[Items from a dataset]
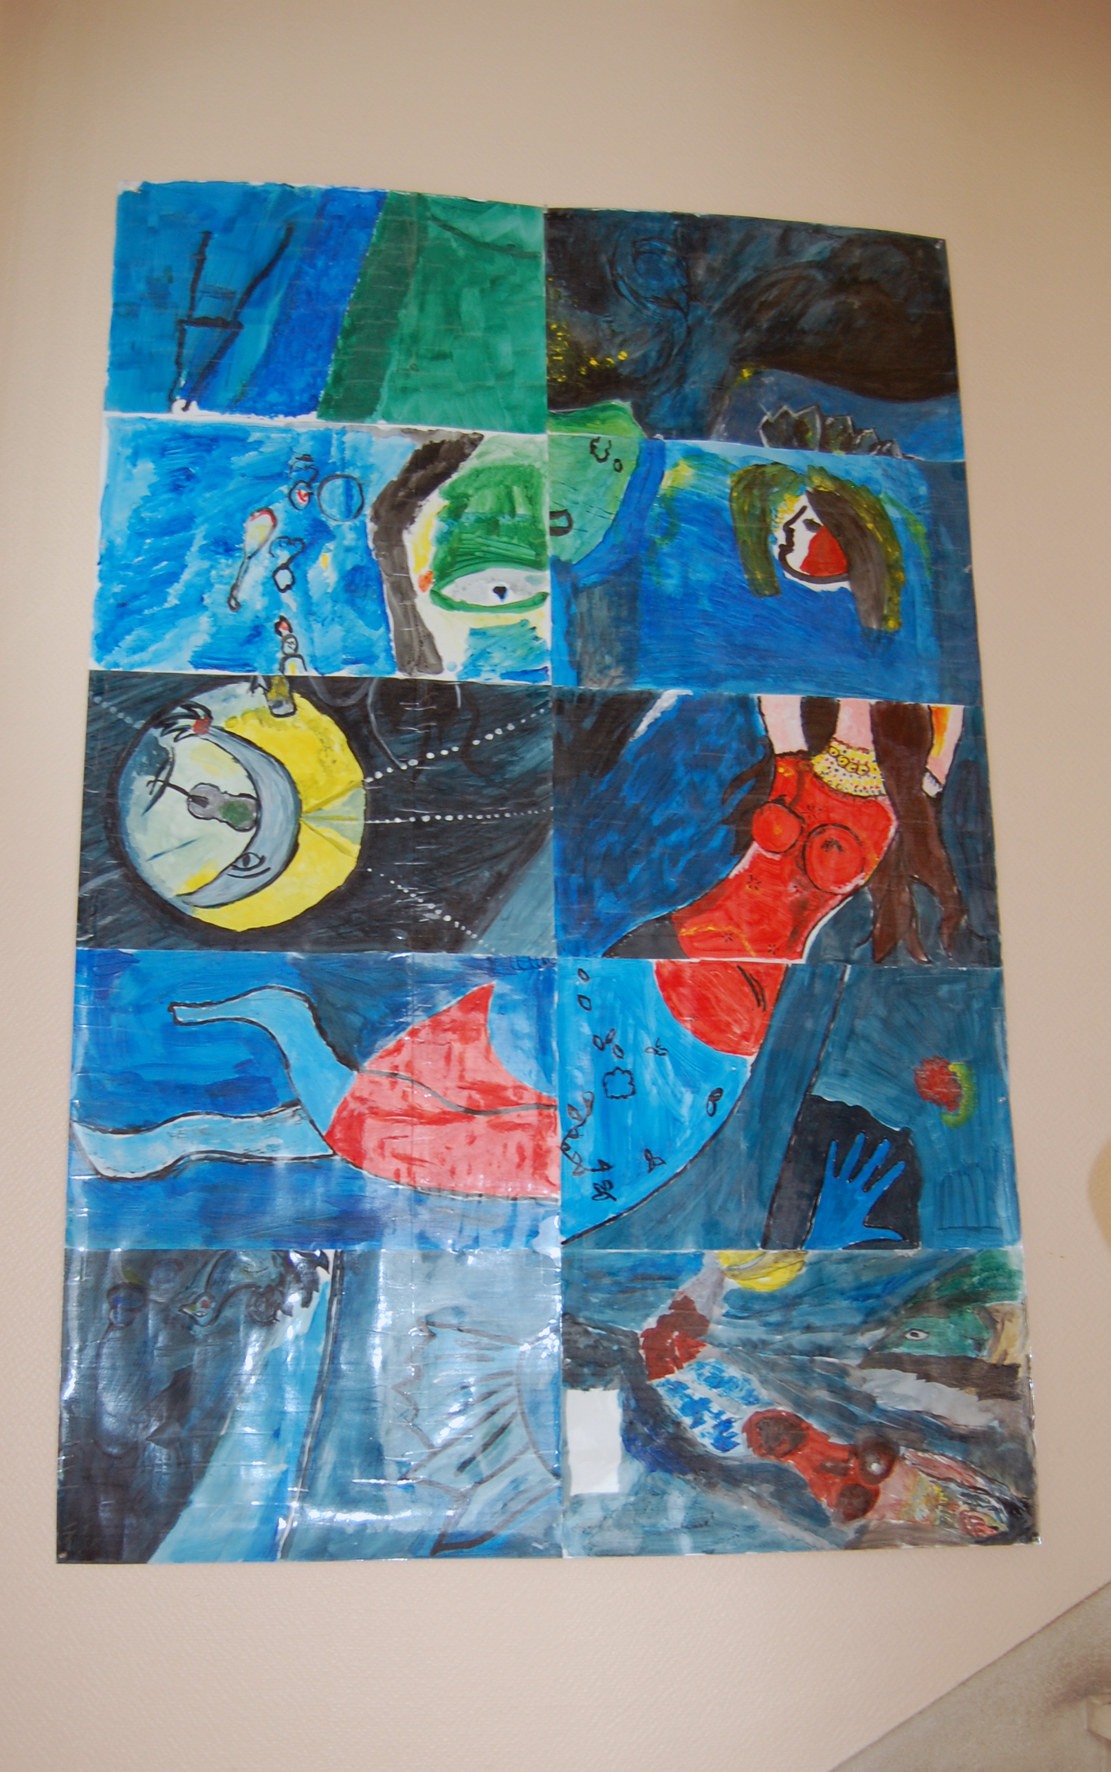 œuvre réalisée par les patients avec des élèves de l'école des Beaux-arts
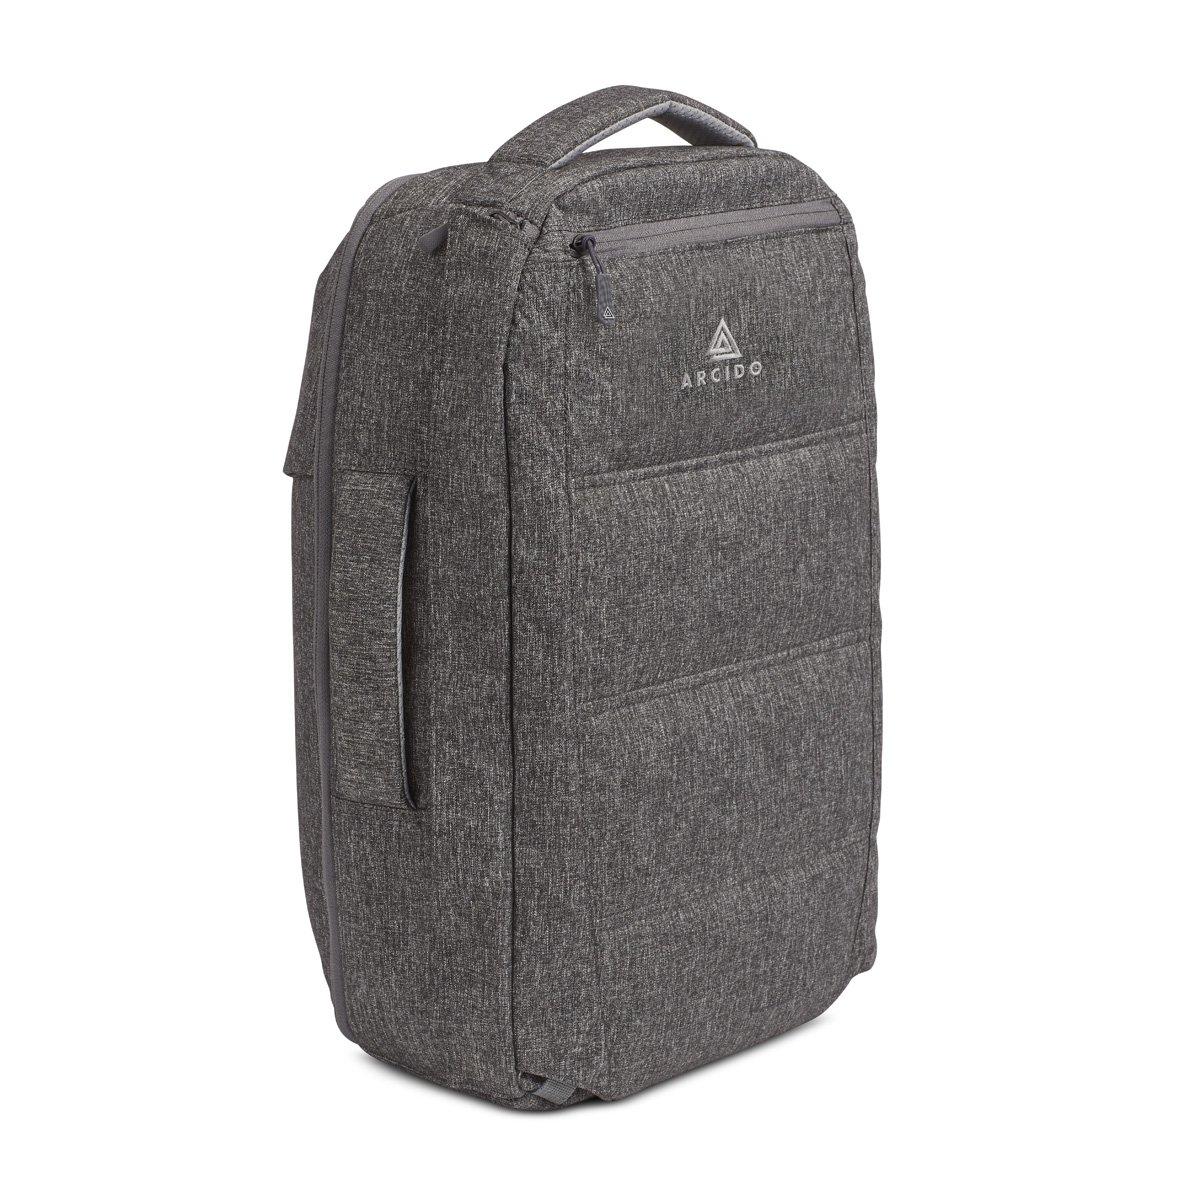 Arcido Saxon Backpack: 45 x 33 x 20 cm Equipaje de mano / mochila de viaje con compartimento para Laptop de hasta 15
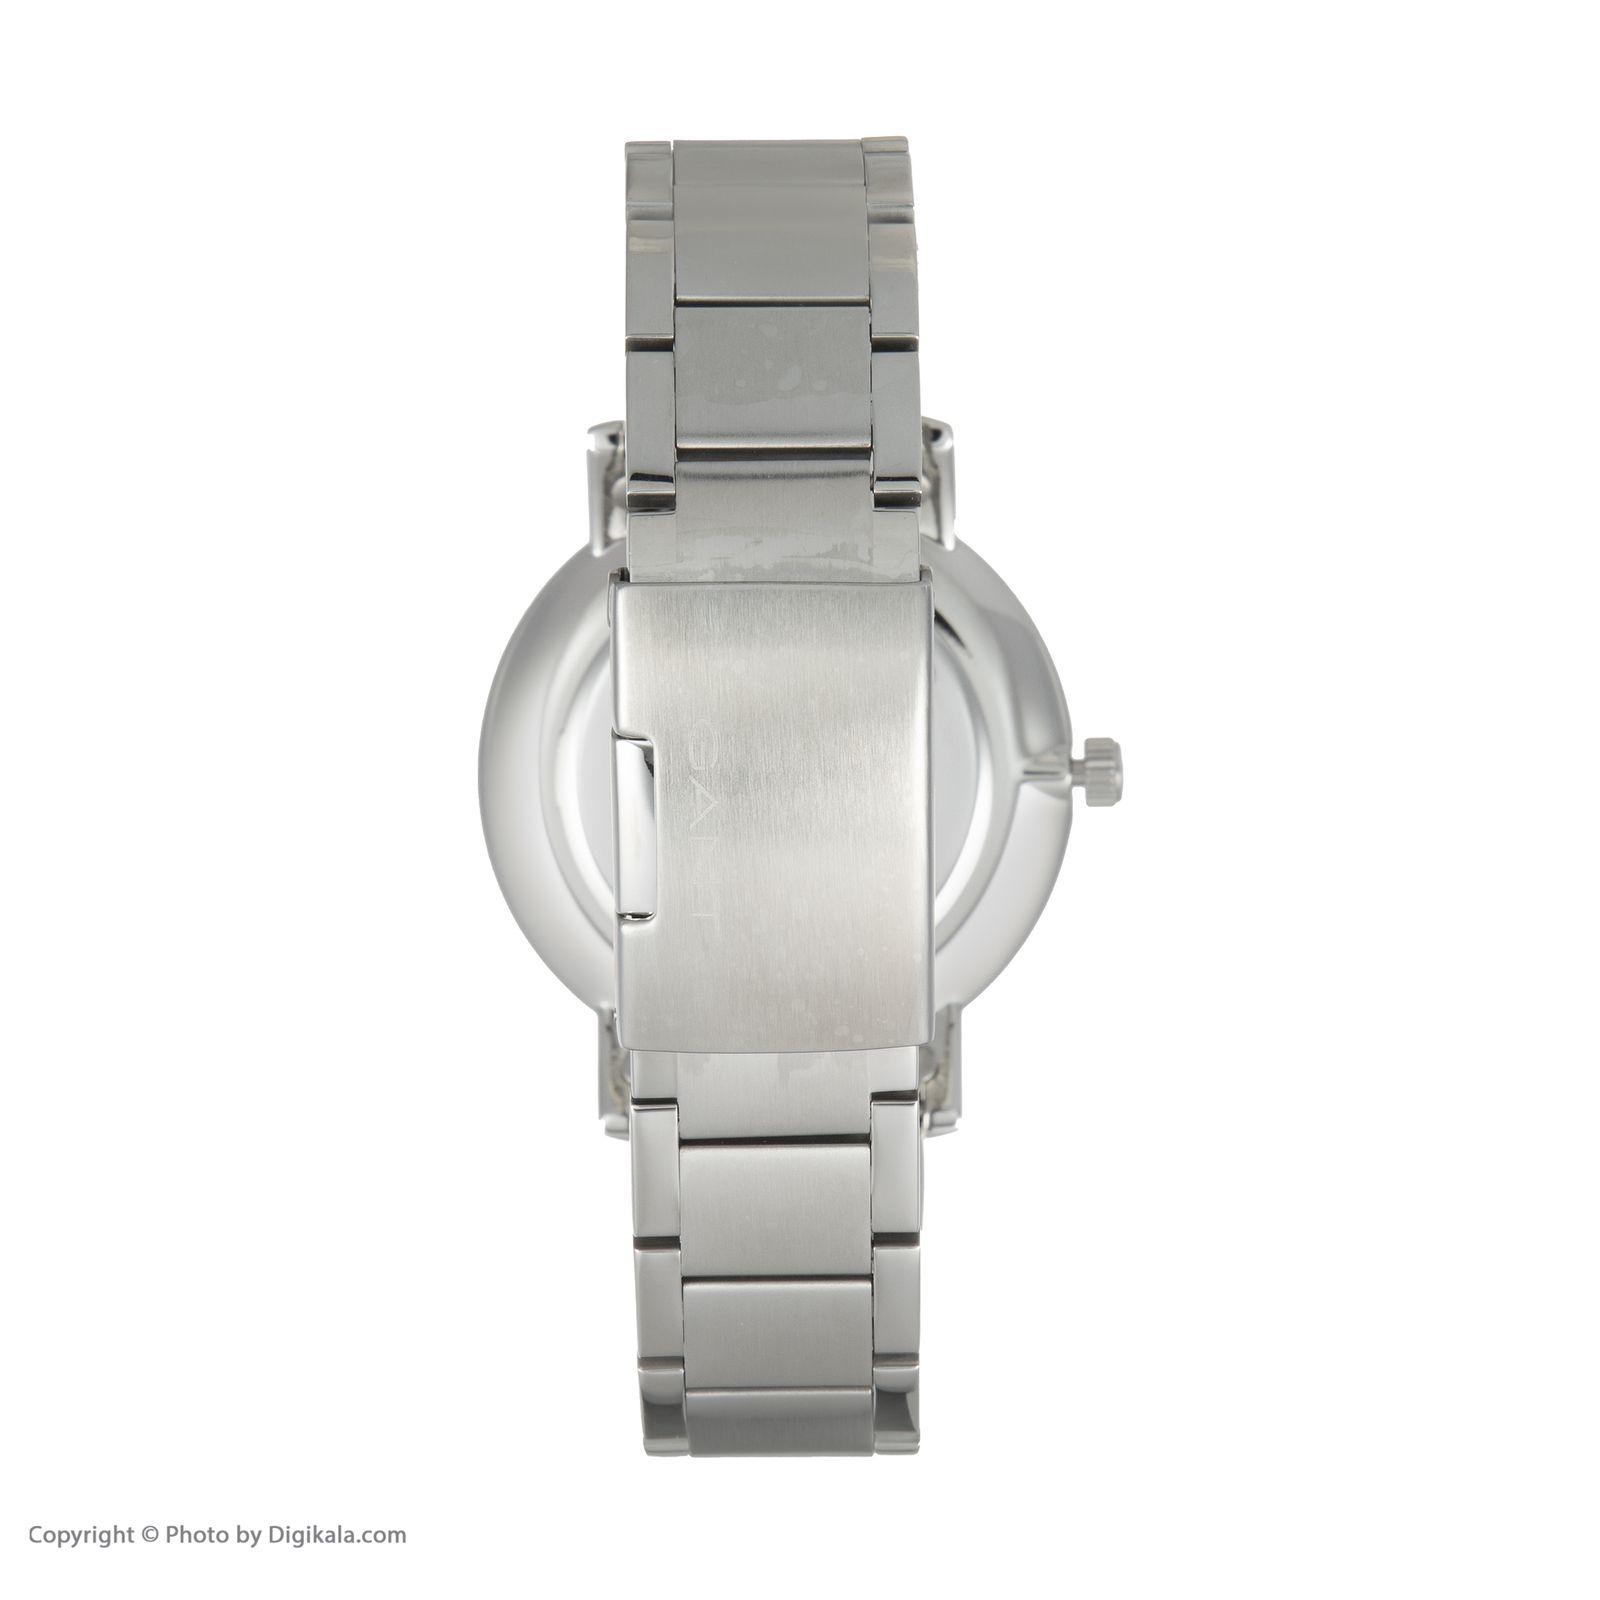 ساعت مچی عقربه ای مردانه گنت مدل GWW006026 -  - 4
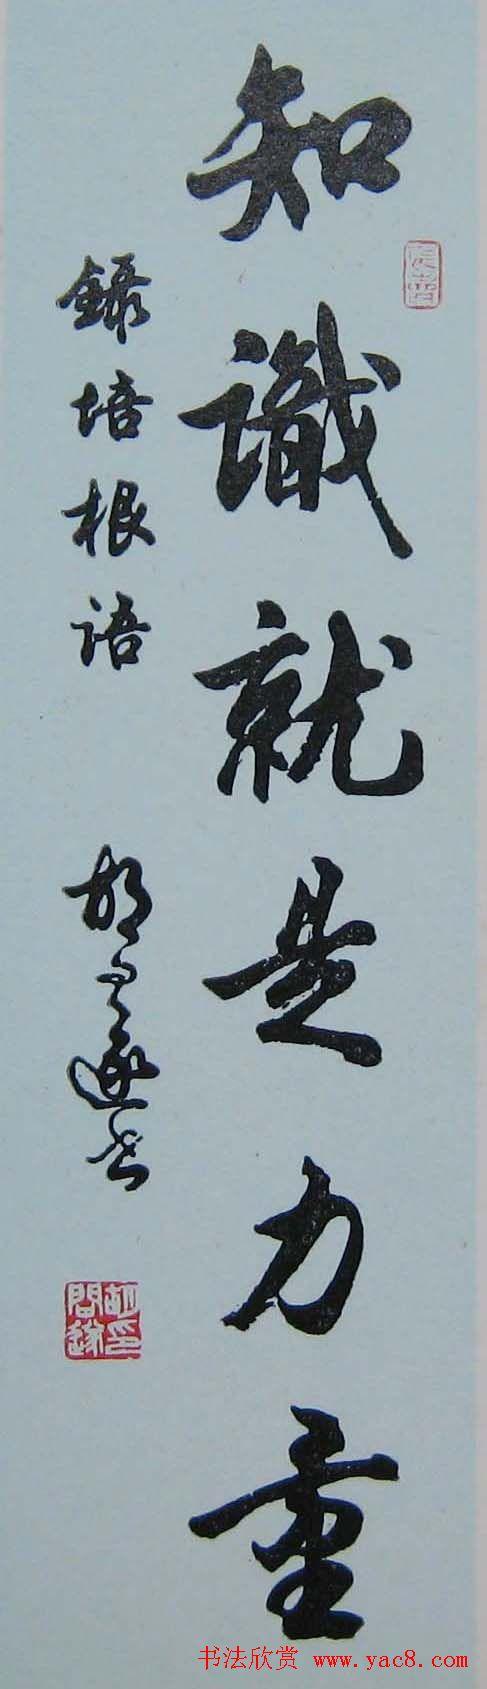 胡问遂书法作品网络展示专辑 第20页 毛笔书法 书法欣赏图片
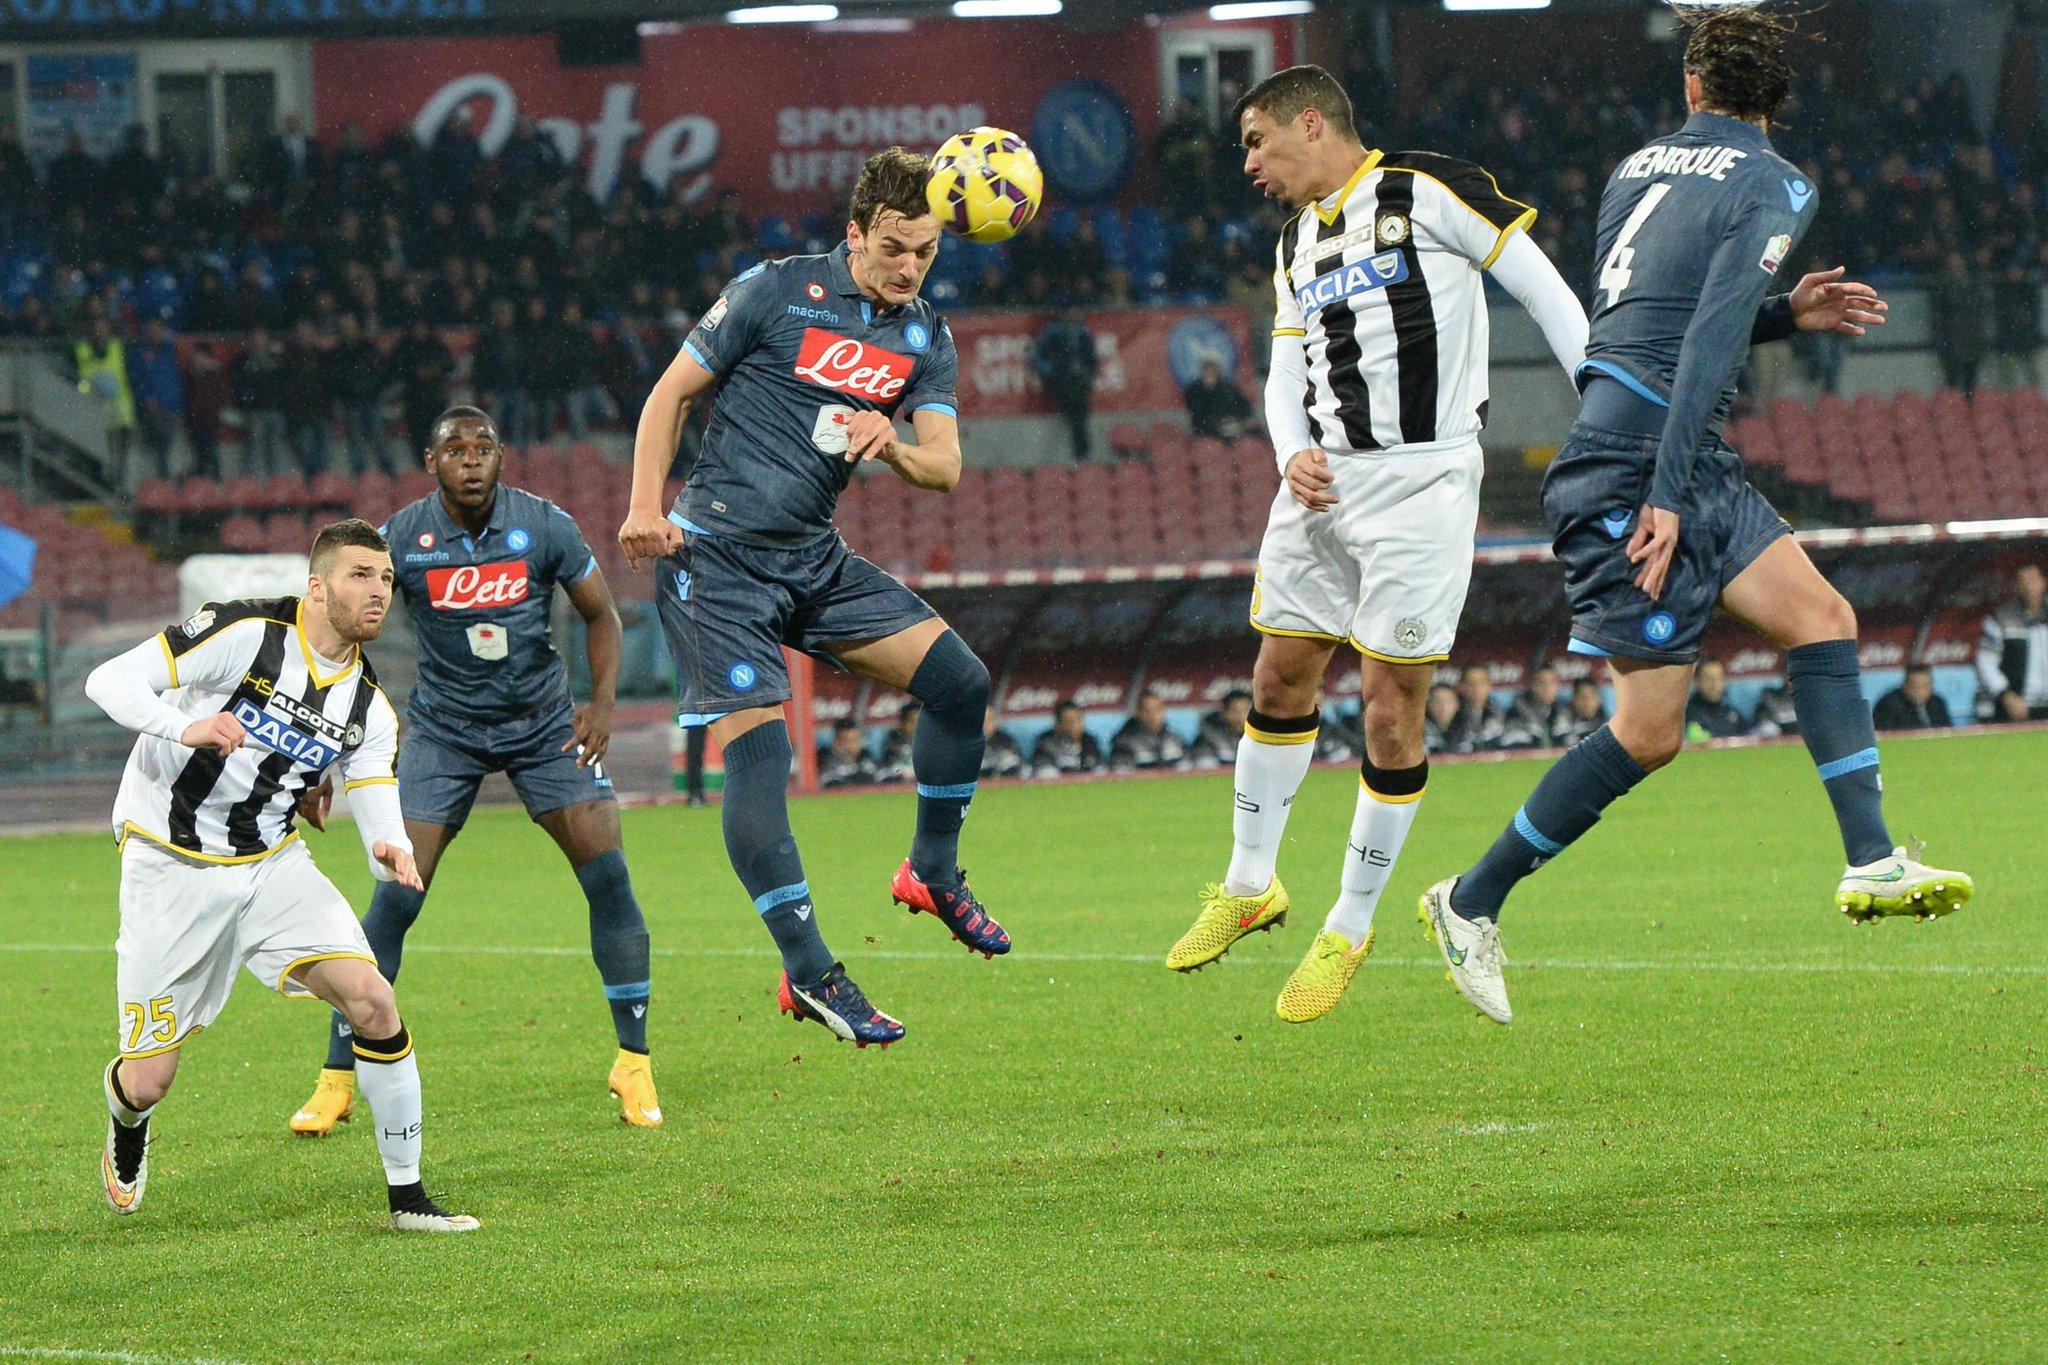 Video Gol Napoli-Udinese: Risultato in DIRETTA Live calcio in tempo reale, ottavo Coppa italia

Problem to work on
Please output, exactly and with no pictures, only the lines from the one containing "ساعت مچی عقربه" through the final line of the records above.

Completed exercise
 ساعت مچی عقربه ای مردانه گنت مدل GWW006026 -  - 4
 胡问遂书法作品网络展示专辑 第20页 毛笔书法 书法欣赏图片
 Video Gol Napoli-Udinese: Risultato in DIRETTA Live calcio in tempo reale, ottavo Coppa italia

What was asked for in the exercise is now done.